I just slowly realized I no longer had a need to prove anything to anybody else.

I had a strange flashback about all this today. I was listening to a podcast that dealt with what it was like to be raised by a narcissist — what it did to a child. As I listened to the psychologist cover ground that was already very familiar to me, I felt something rise inside me — just briefly — that felt like the need to prove myself.

In a split second, I realized that I had briefly experienced that old shame again as the psychologist talked about it. I had experienced the fear of not being good enough. I had felt the toxic need to have success — or even to fake some success — enough to scream to the world, “See? I really am good enough. Please love me!”

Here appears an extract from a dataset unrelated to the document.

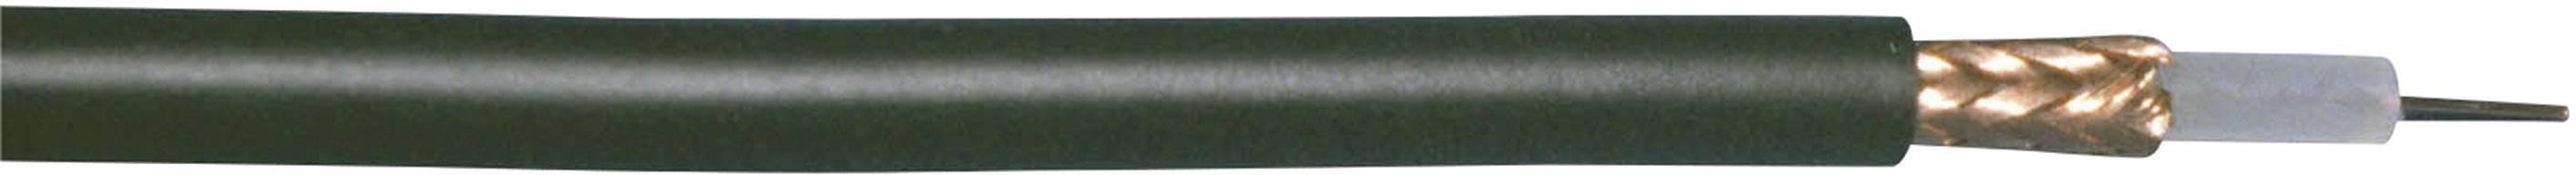 Koaxiální kabel Bedea RG58, 10840911 50 Ohm, černá, metrové zboží
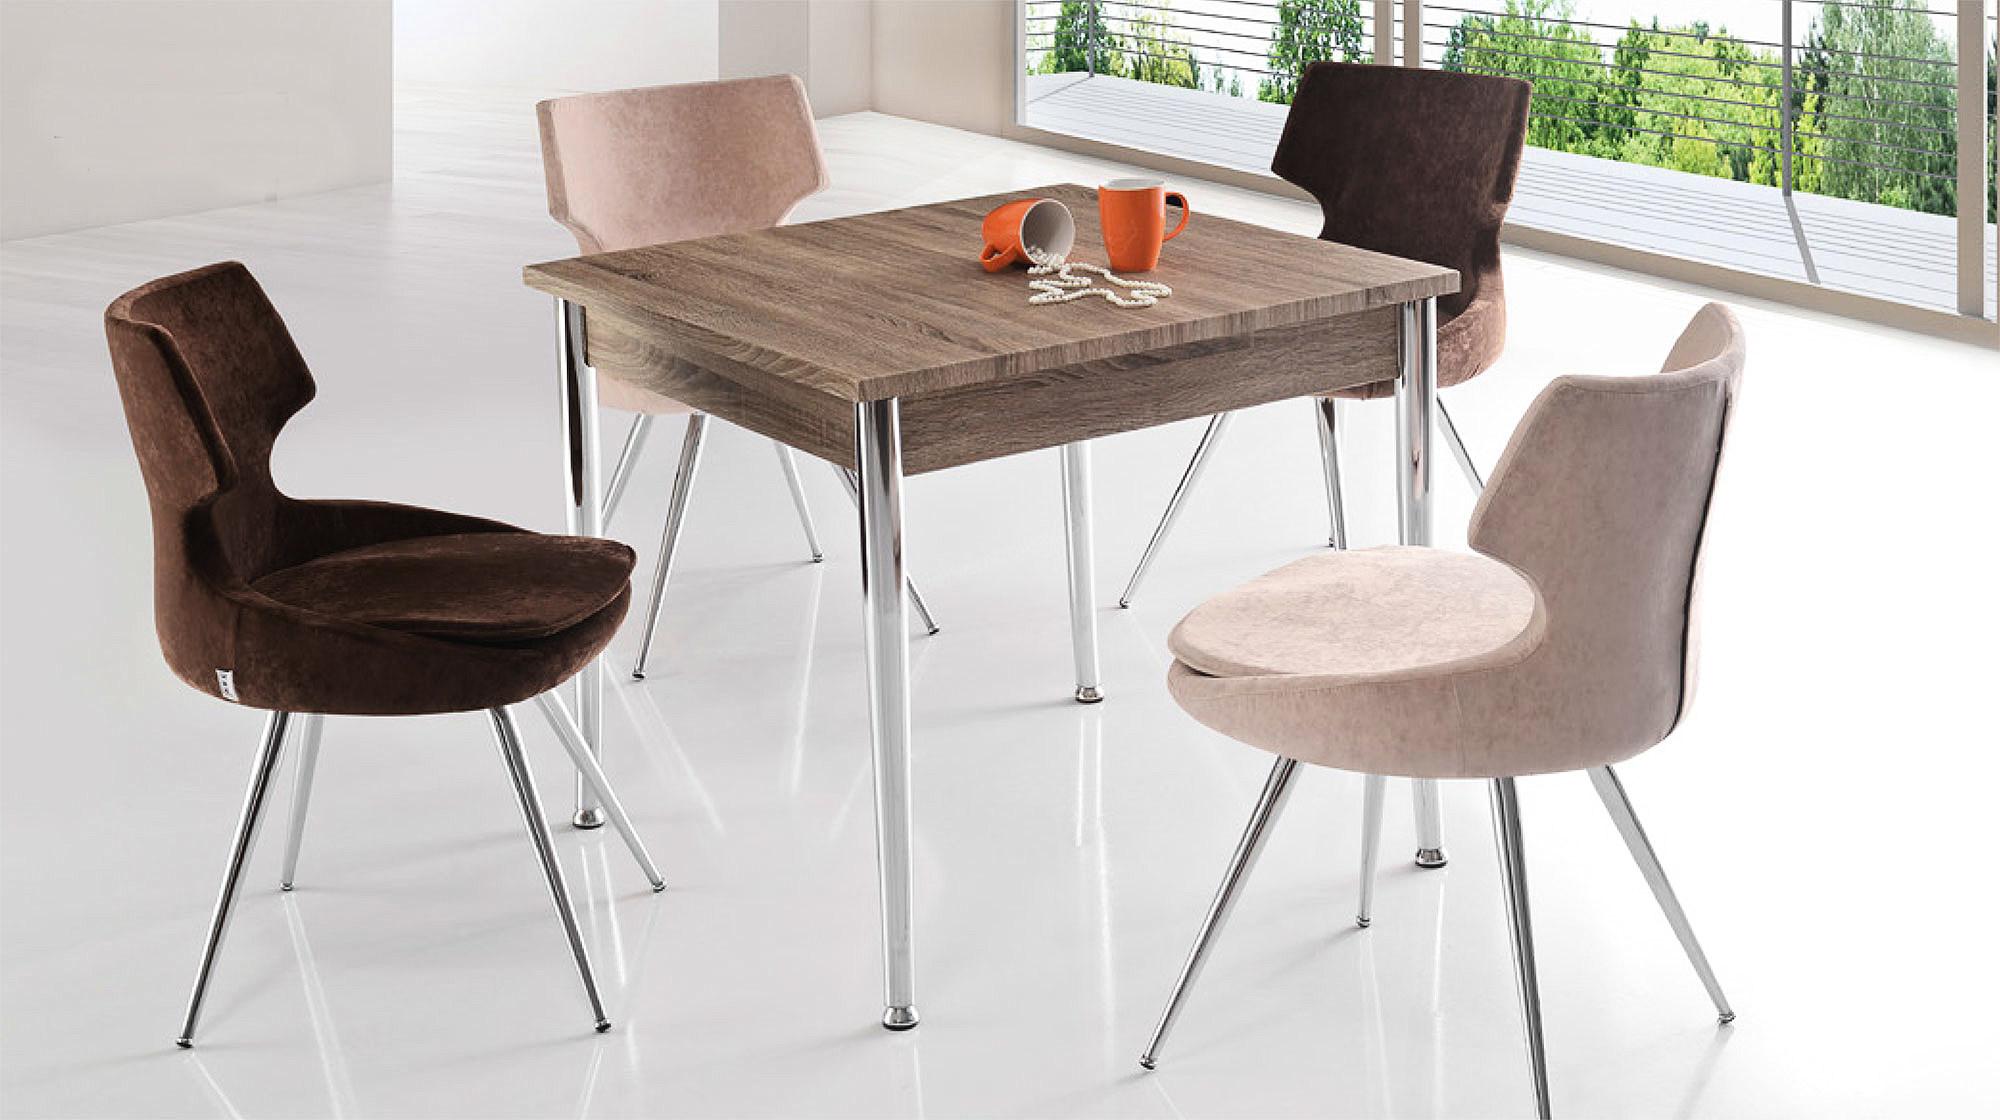 vega mutfak masa doruk sandalye seti - masa sandalye - berke mobilya

As I’ve thought about this for the rest of the evening, I’ve found myself thinking that this is why I have forced myself to go so far in the opposite direction over these long years when I’ve been recovering my mental health and learning how to heal from the old toxic shame.

I realized that there’s still a part of me which would love to put something born of toxic ego in front of the world and beg for the empty adulation that I wanted for so long. The healthy part of me realizes that my ego isn’t ready for something like that. I’ve come a long way, but I’m not emotionally strong enough to experience great success of that magnitude without letting it turn me into someone that I once was — someone I don’t want to be.

In my healthiest times, I now see success myself as the state of having love and peace and joy in my life. I see it as having powerful and healthy connections to other people. I see it as experiencing powerful connections to the spirit of our creator.

In my weakest times, I can still feel the toxic pull of a desire to satisfy my wounded ego. I can feel myself wanting fame and fortune again. I can see myself wanting power. I can see myself puffed up with pride as I step out of a huge airplane that has my name painted down the side.

I often confess things to you because doing that gives those things less power over me. This is definitely one of those times.

I want to avoid the kind of toxic ego that ruled my heart and my head back then. I want to keep my heart fixed on the desire to love and to be loved in return.

I don’t want you to accept me because I’ve done “impressive” things. I don’t even want to be adored by someone shallow enough to be attracted to someone for those things.

I want someone to love me for who I am. It’s what I’ve always wanted, even when my wounded ego was trying to win something which never would have brought me the loved I needed.